» **What is being asked**
Without pictures, return the lines from the one containing "PlayStation5 ディスクドライブ搭載モデル CFI-1200A01" through the last line of the data below, exactly.

START Supplied material

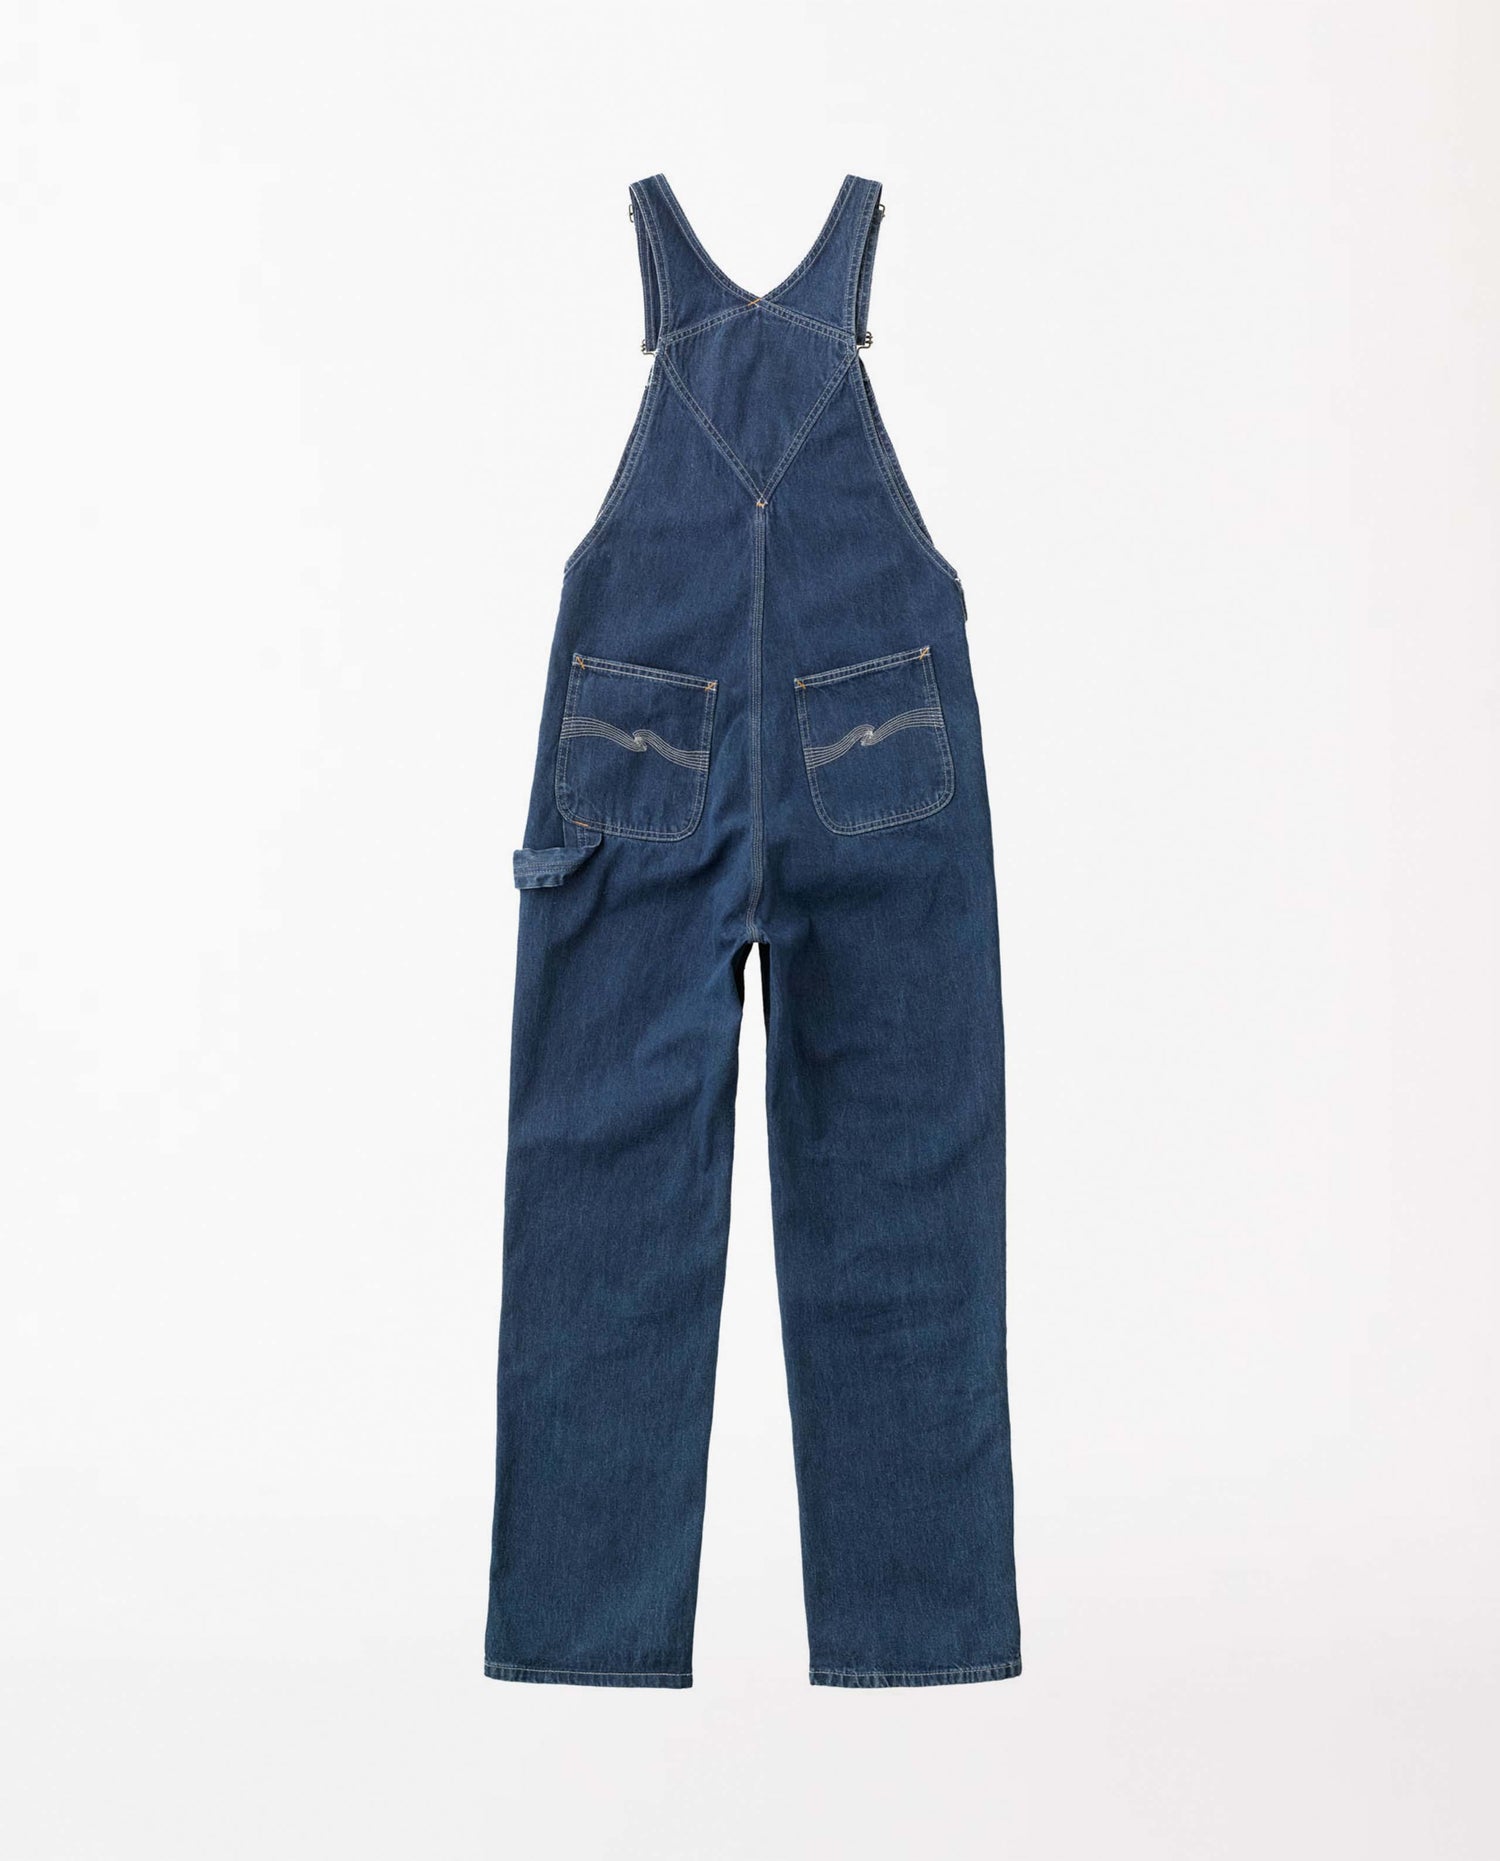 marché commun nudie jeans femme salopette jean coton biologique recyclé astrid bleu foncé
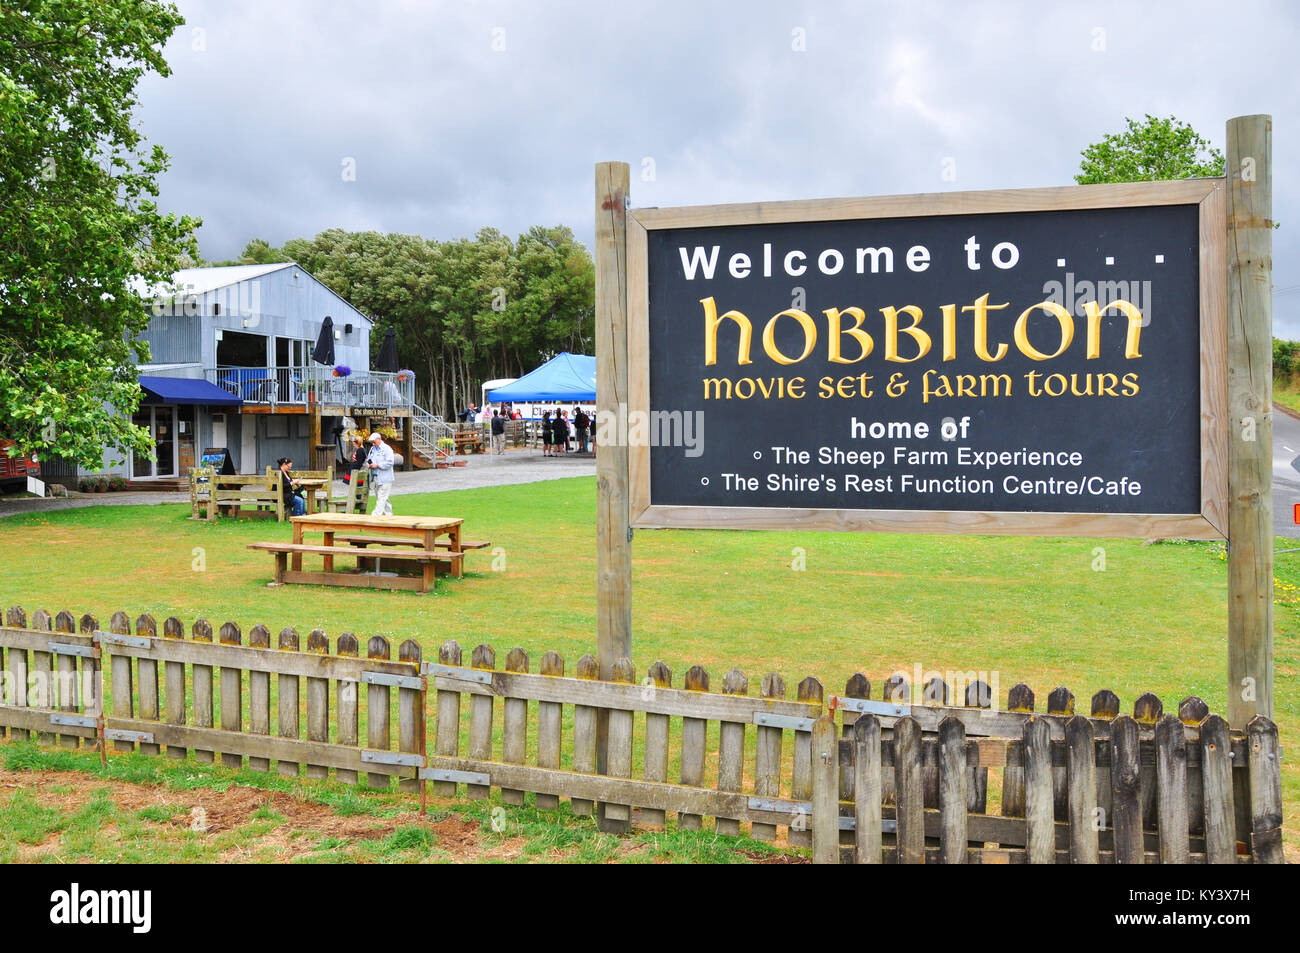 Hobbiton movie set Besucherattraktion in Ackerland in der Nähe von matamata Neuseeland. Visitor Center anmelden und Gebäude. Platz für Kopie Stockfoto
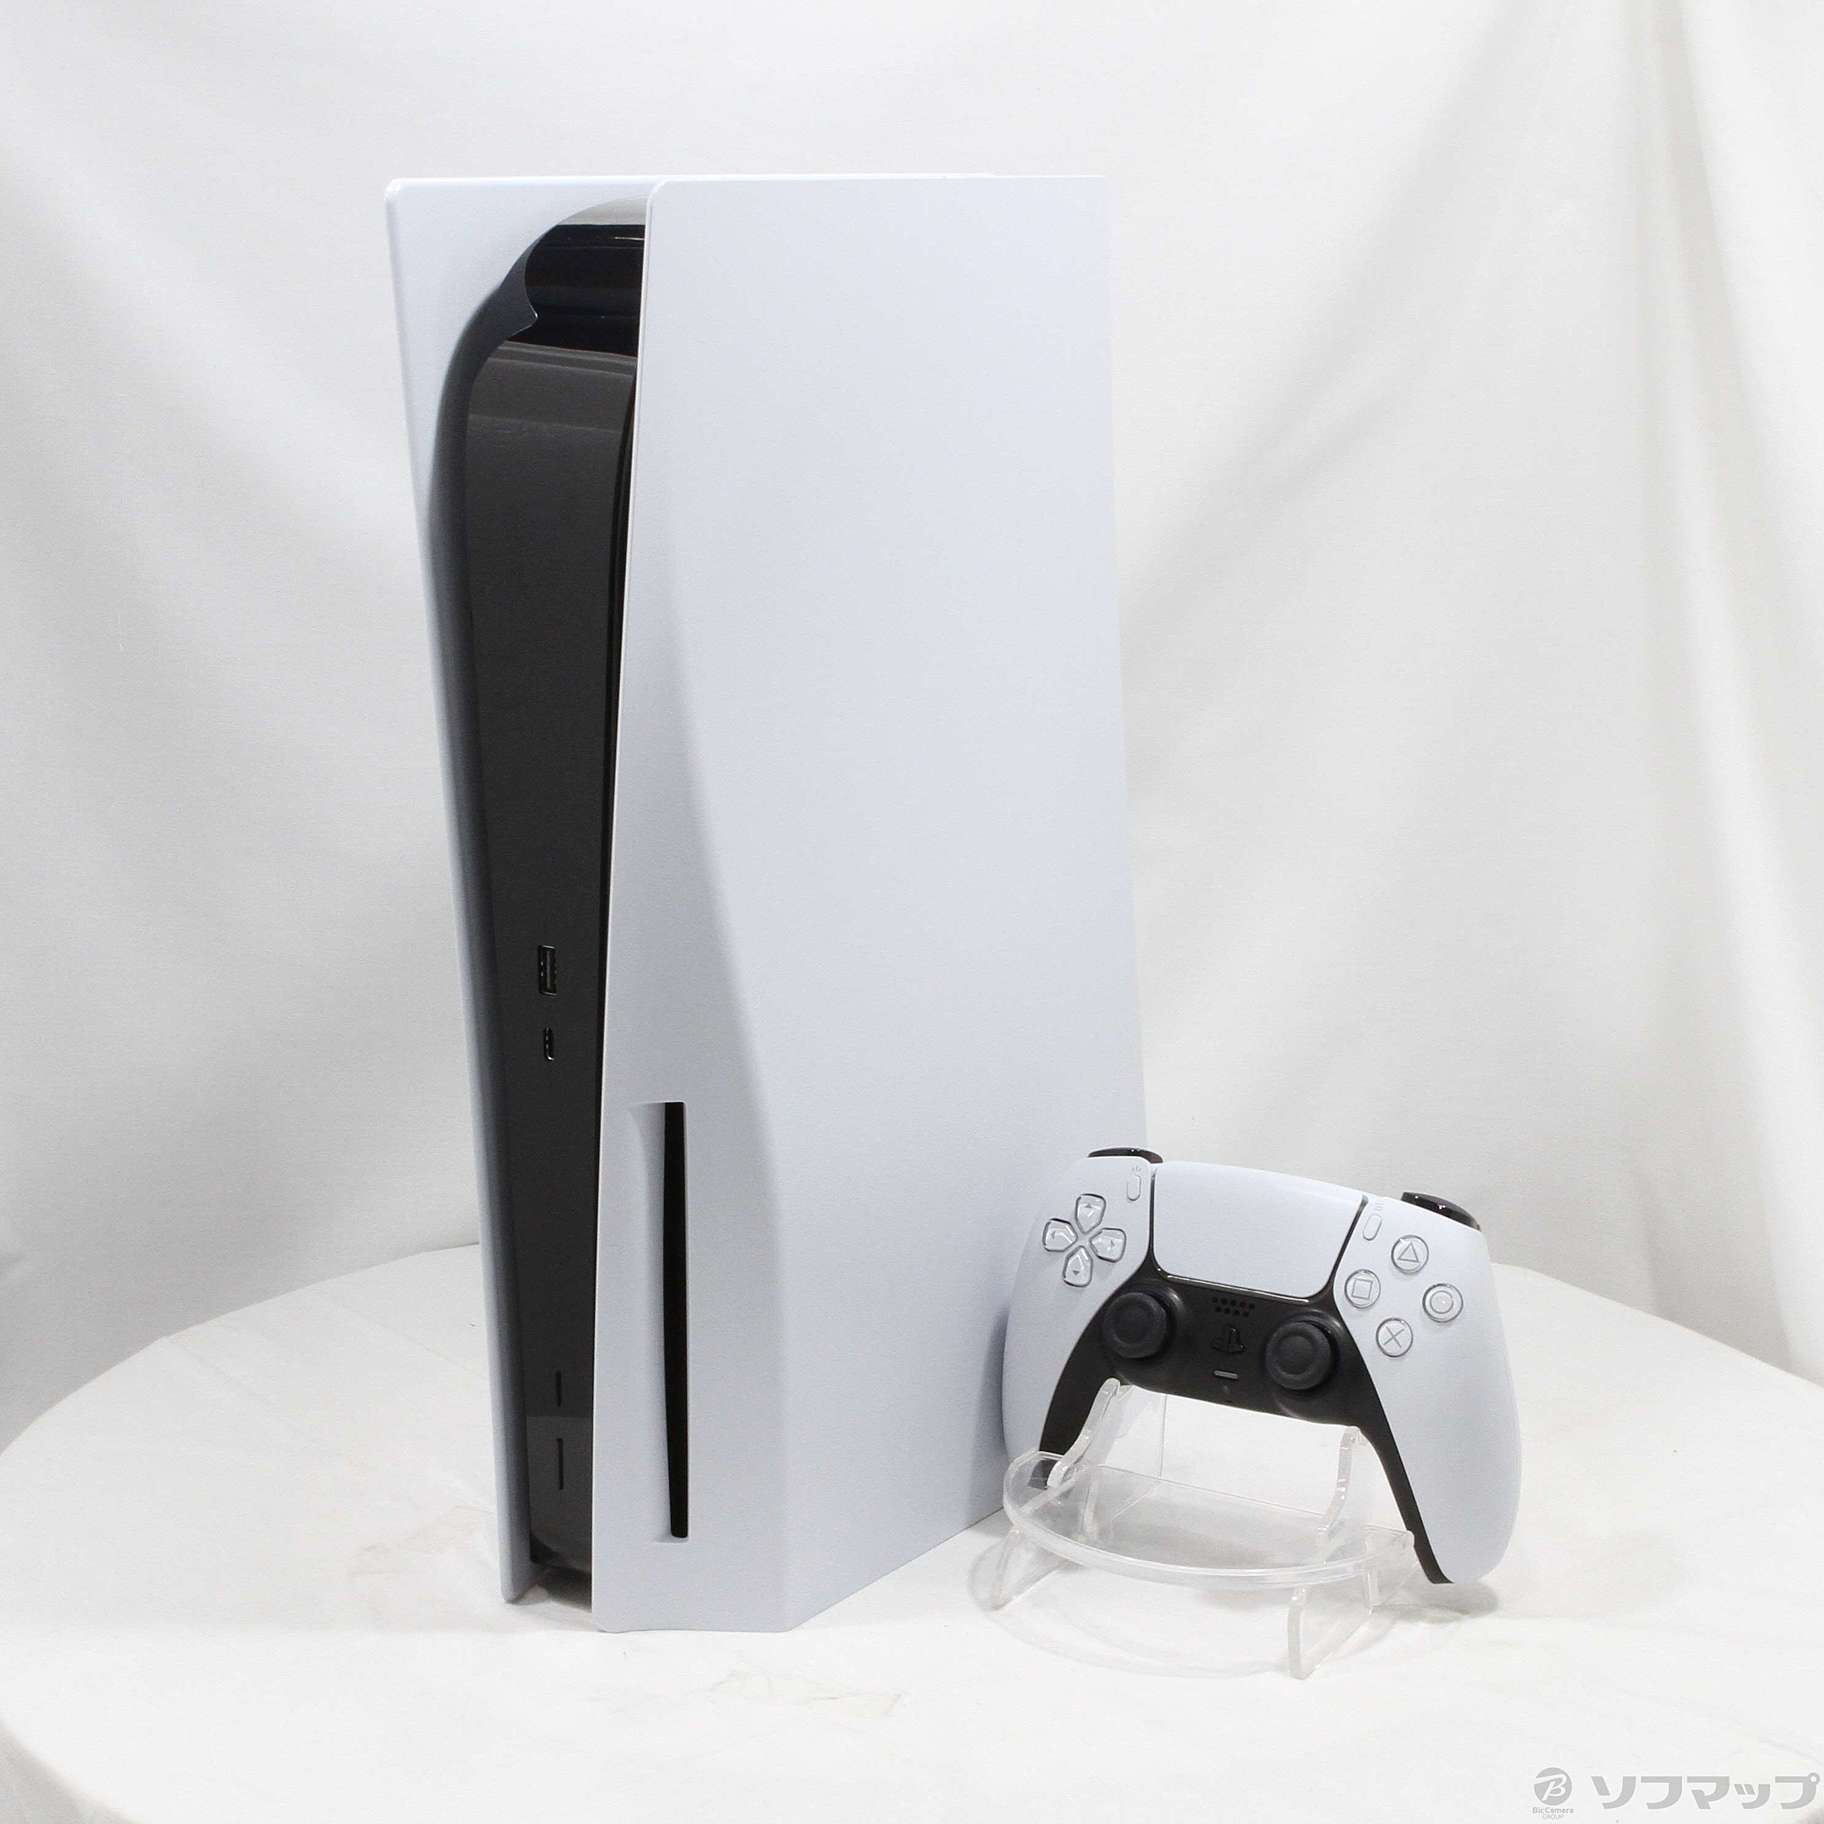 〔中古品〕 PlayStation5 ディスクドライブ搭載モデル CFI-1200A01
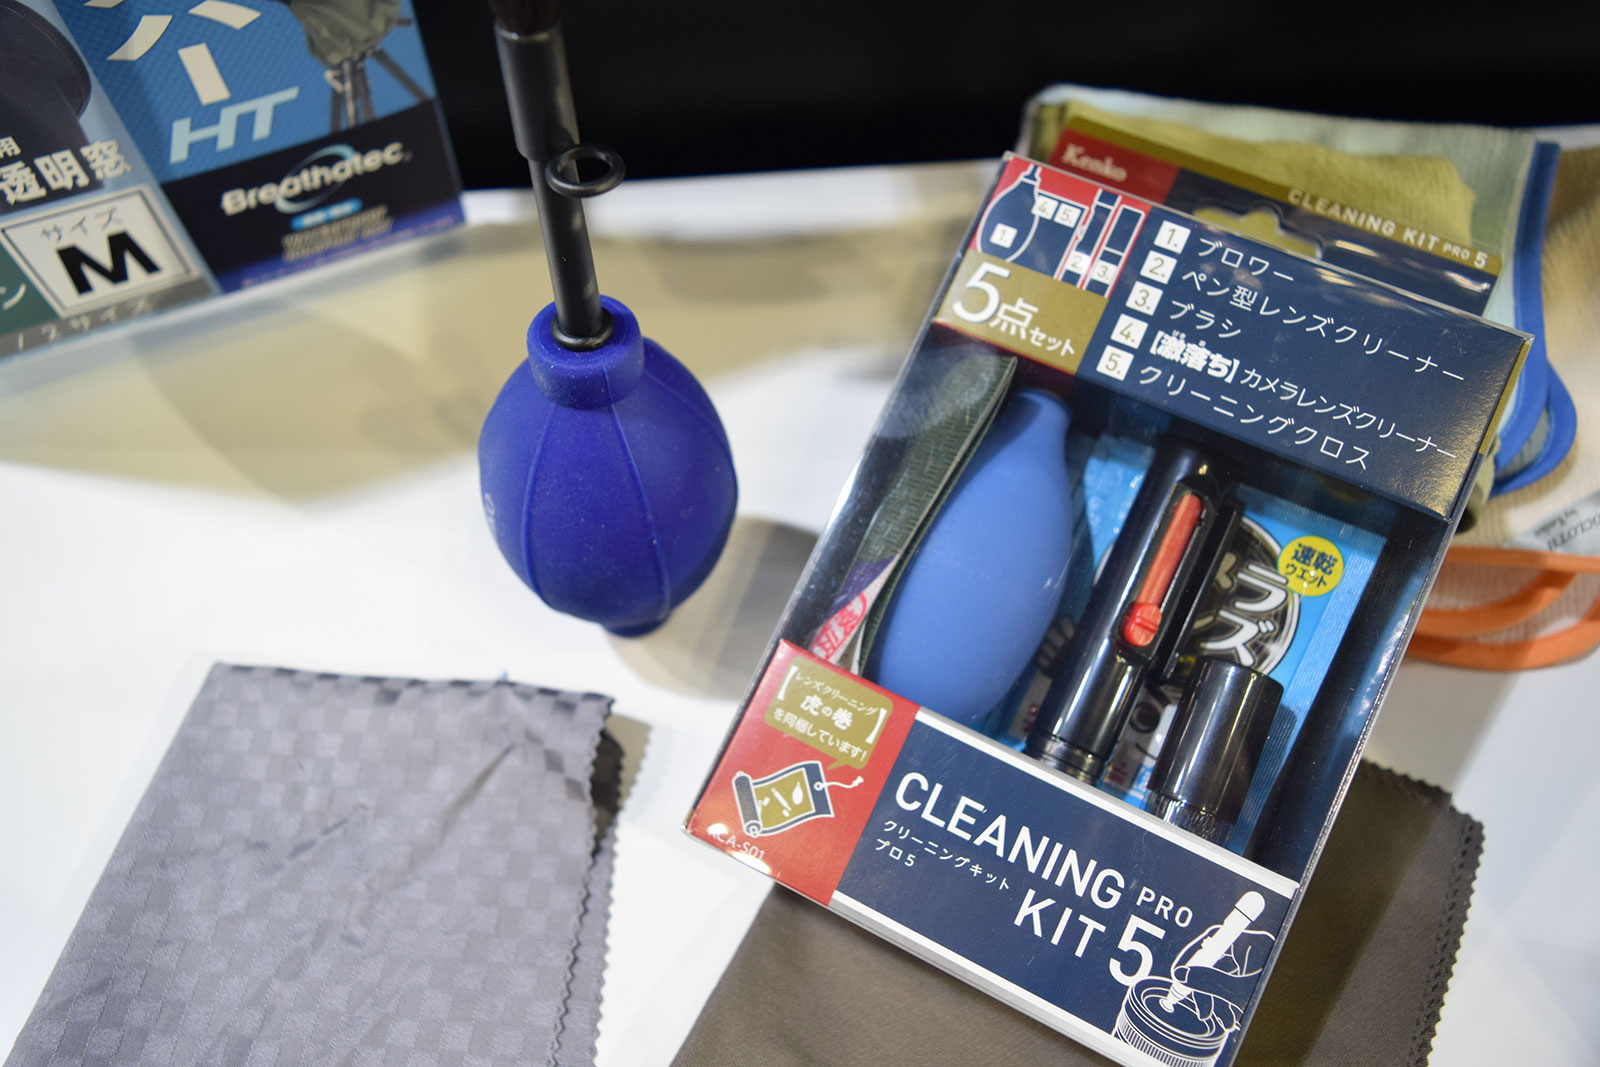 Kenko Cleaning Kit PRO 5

END Supplied material

» **Answer space**
 〔中古品〕 PlayStation5 ディスクドライブ搭載モデル CFI-1200A01
 Kenko Cleaning Kit PRO 5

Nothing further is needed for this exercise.